DATA BELOW:
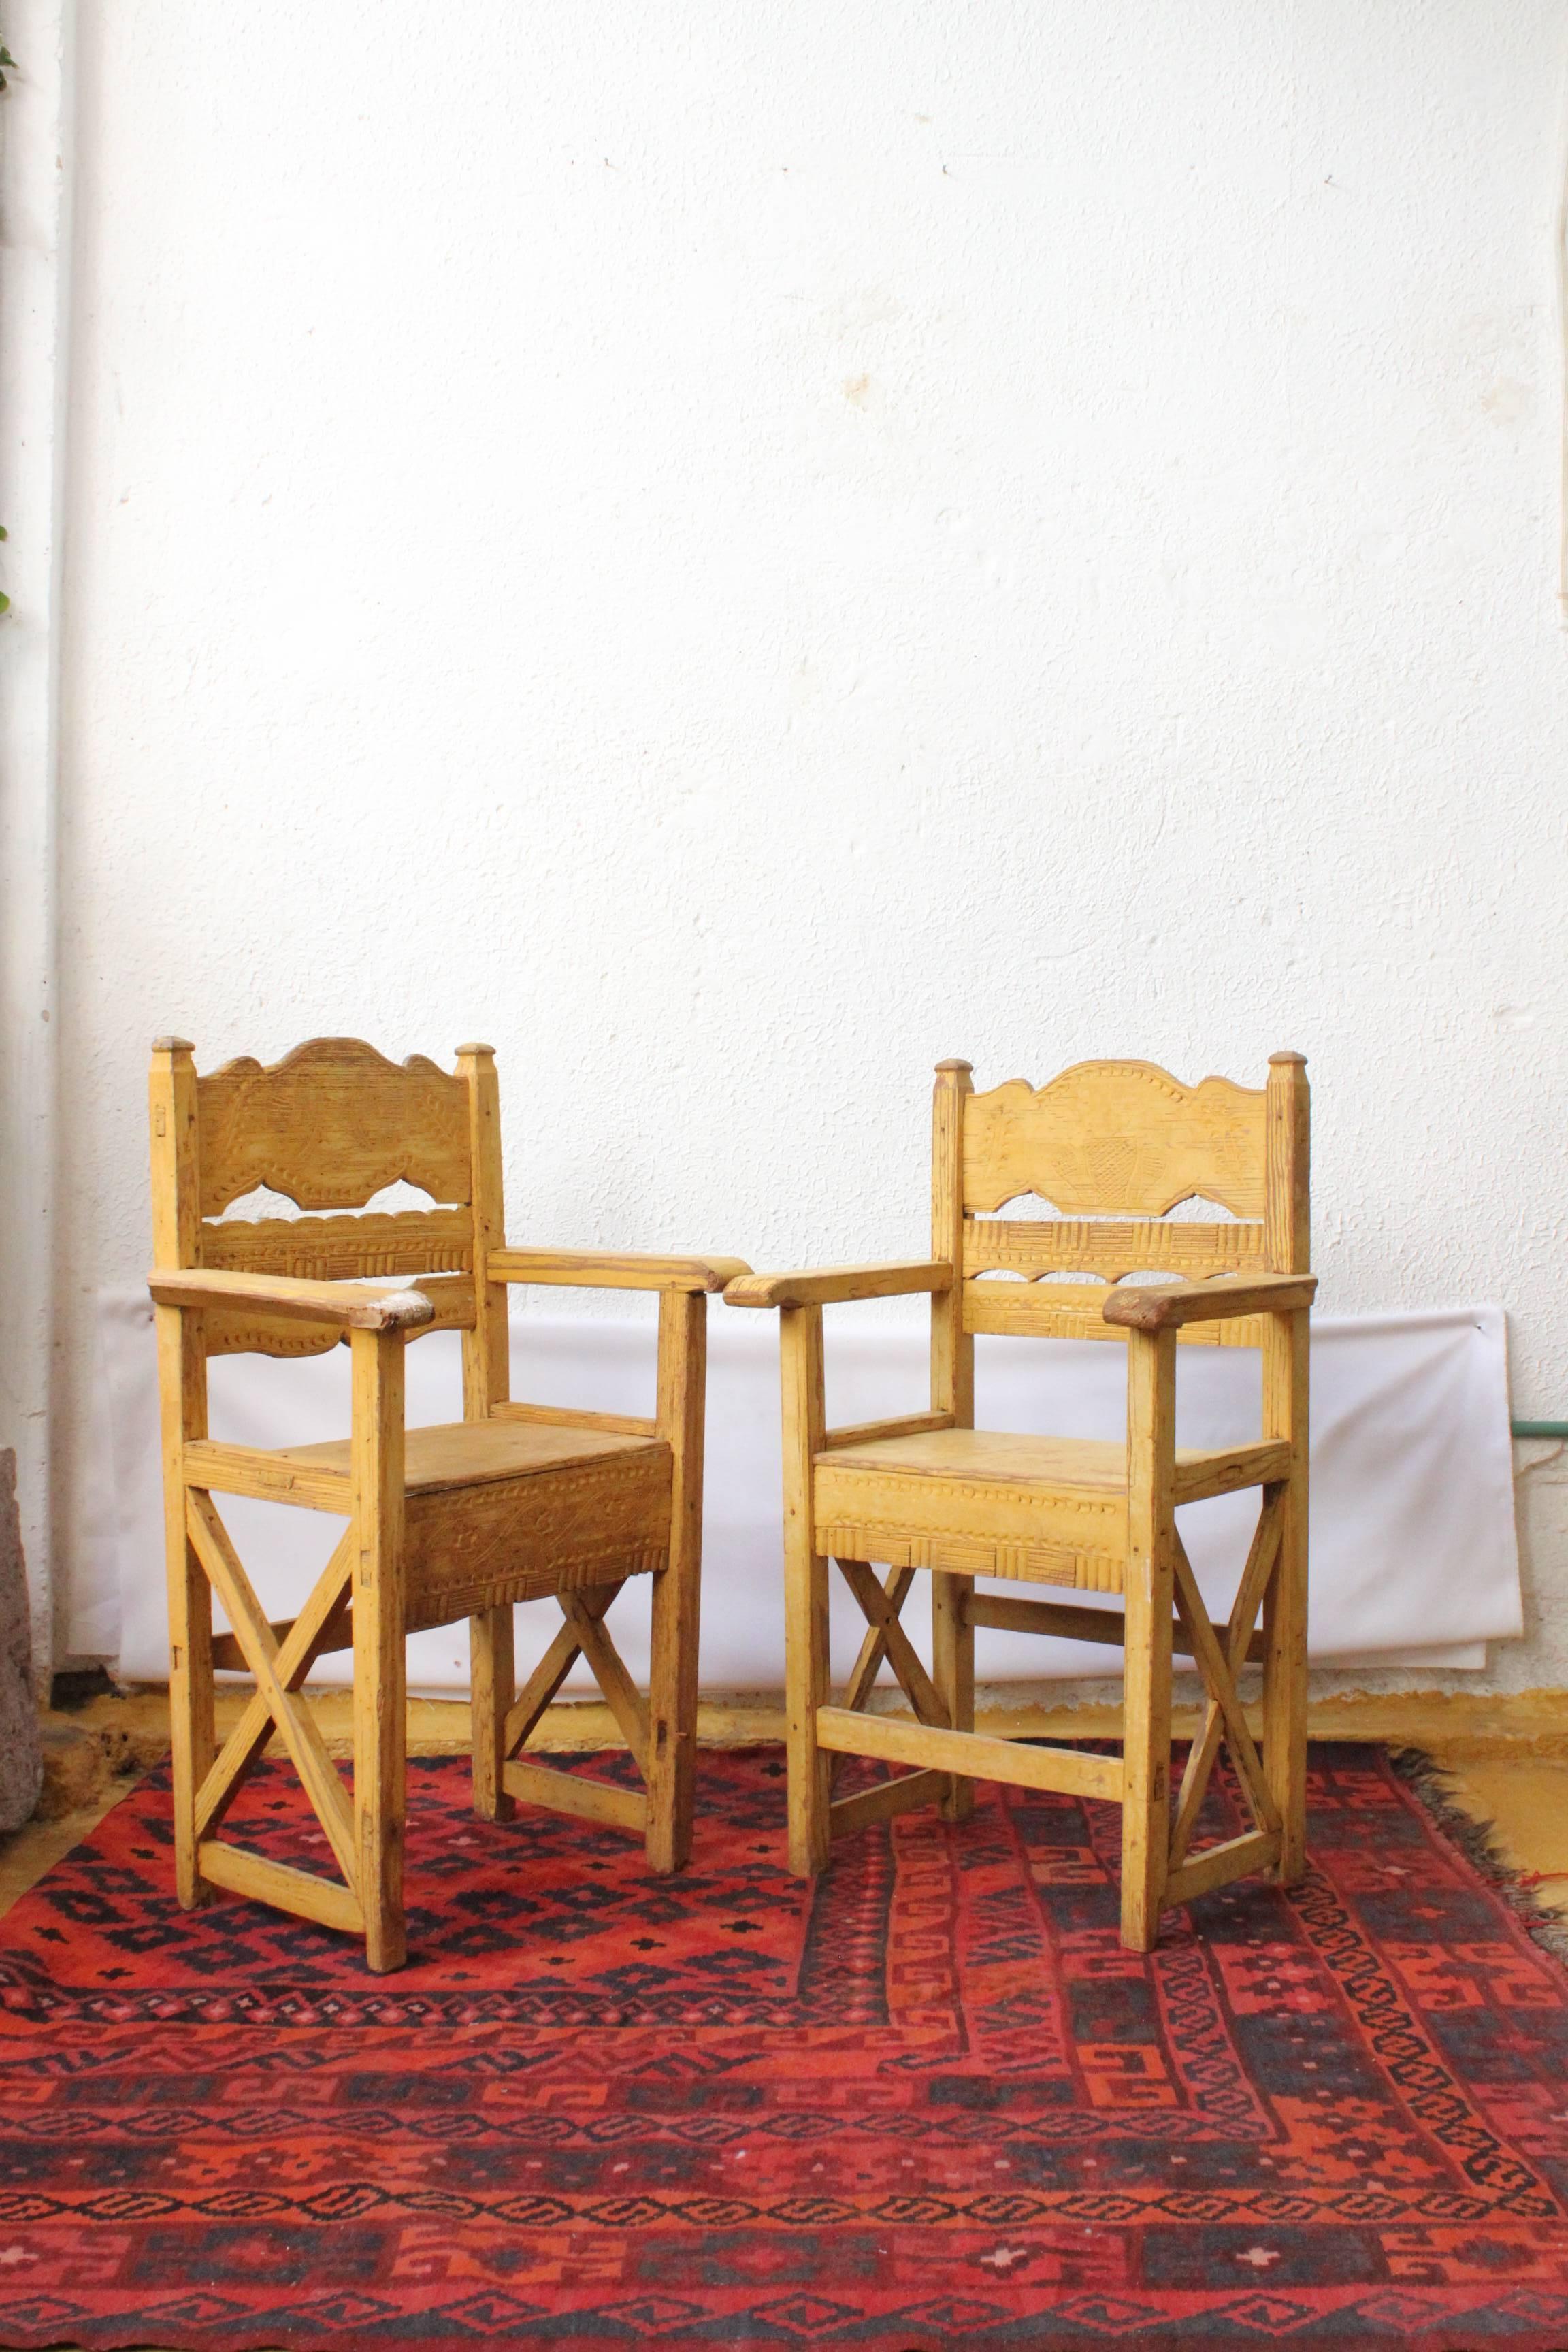 Wood Late 19th Century Set of Chairs Found in Western Mexico
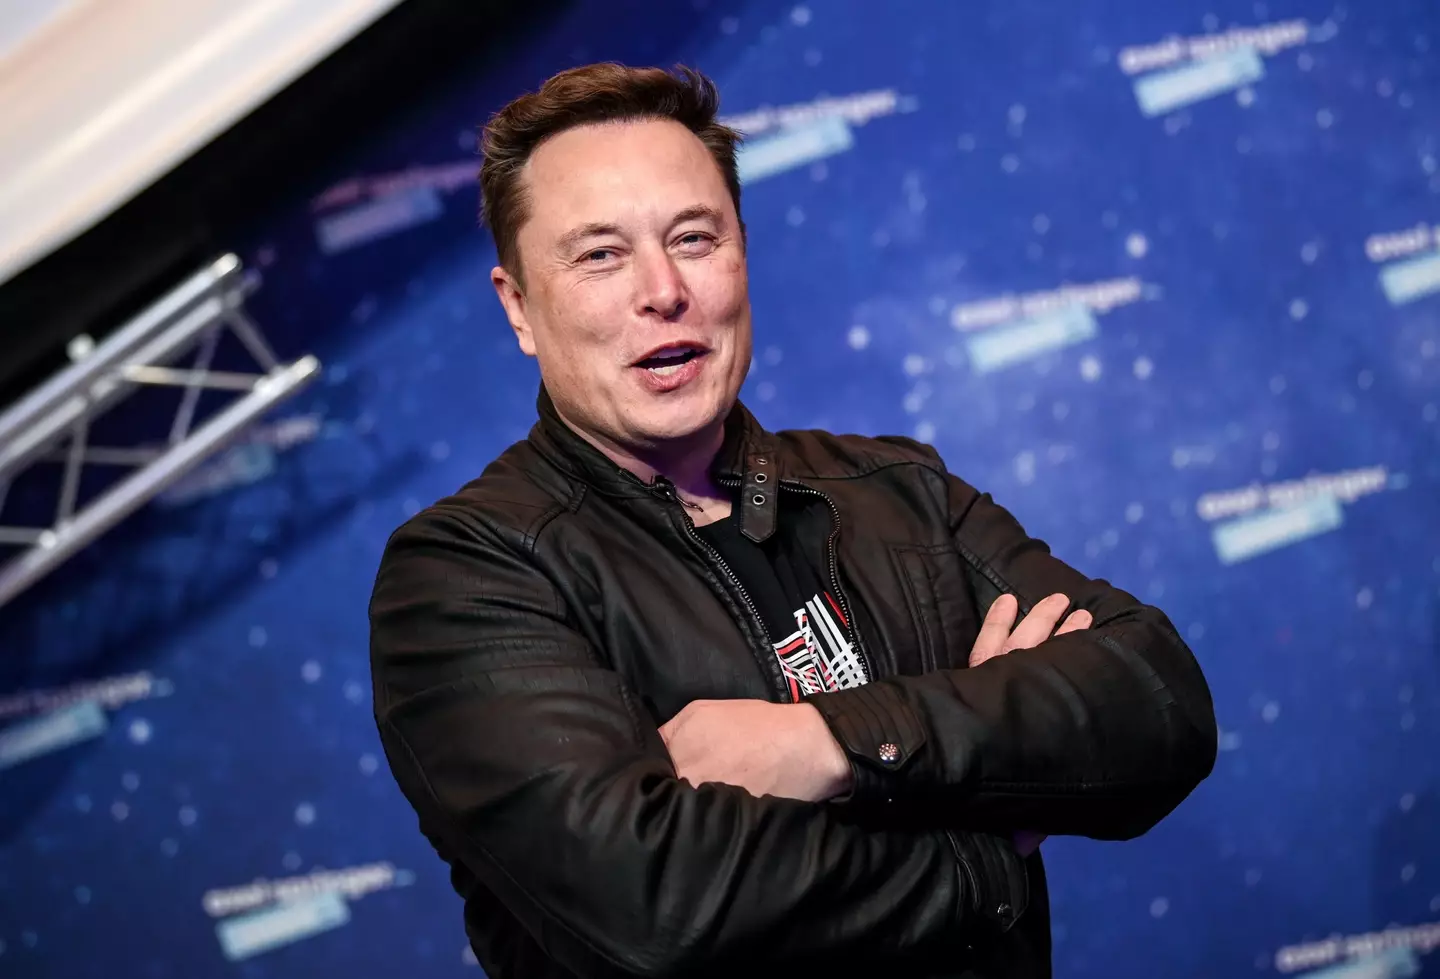 Musk recently reached an agreement to buy Twitter for $44 billion.
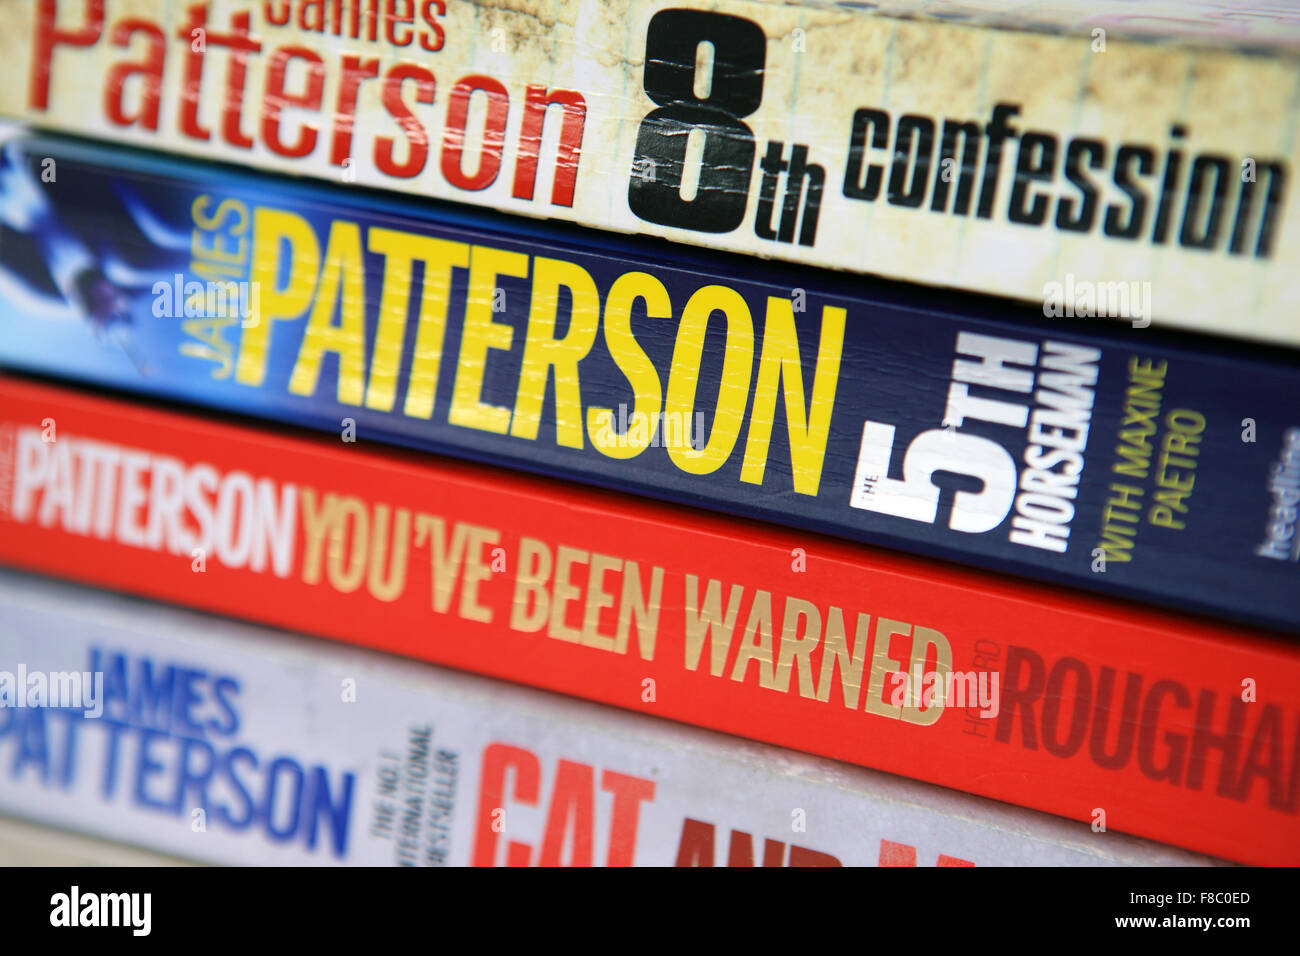 Novels by James Patterson an American author Stock Photo

EXERCISE OBJECTIVE:
Keep the pictures out, and write out the rest of the data above word for word.

ANSWER BELOW:
 Wood Late 19th Century Set of Chairs Found in Western Mexico
 Musk recently reached an agreement to buy Twitter for $44 billion.
 Novels by James Patterson an American author Stock Photo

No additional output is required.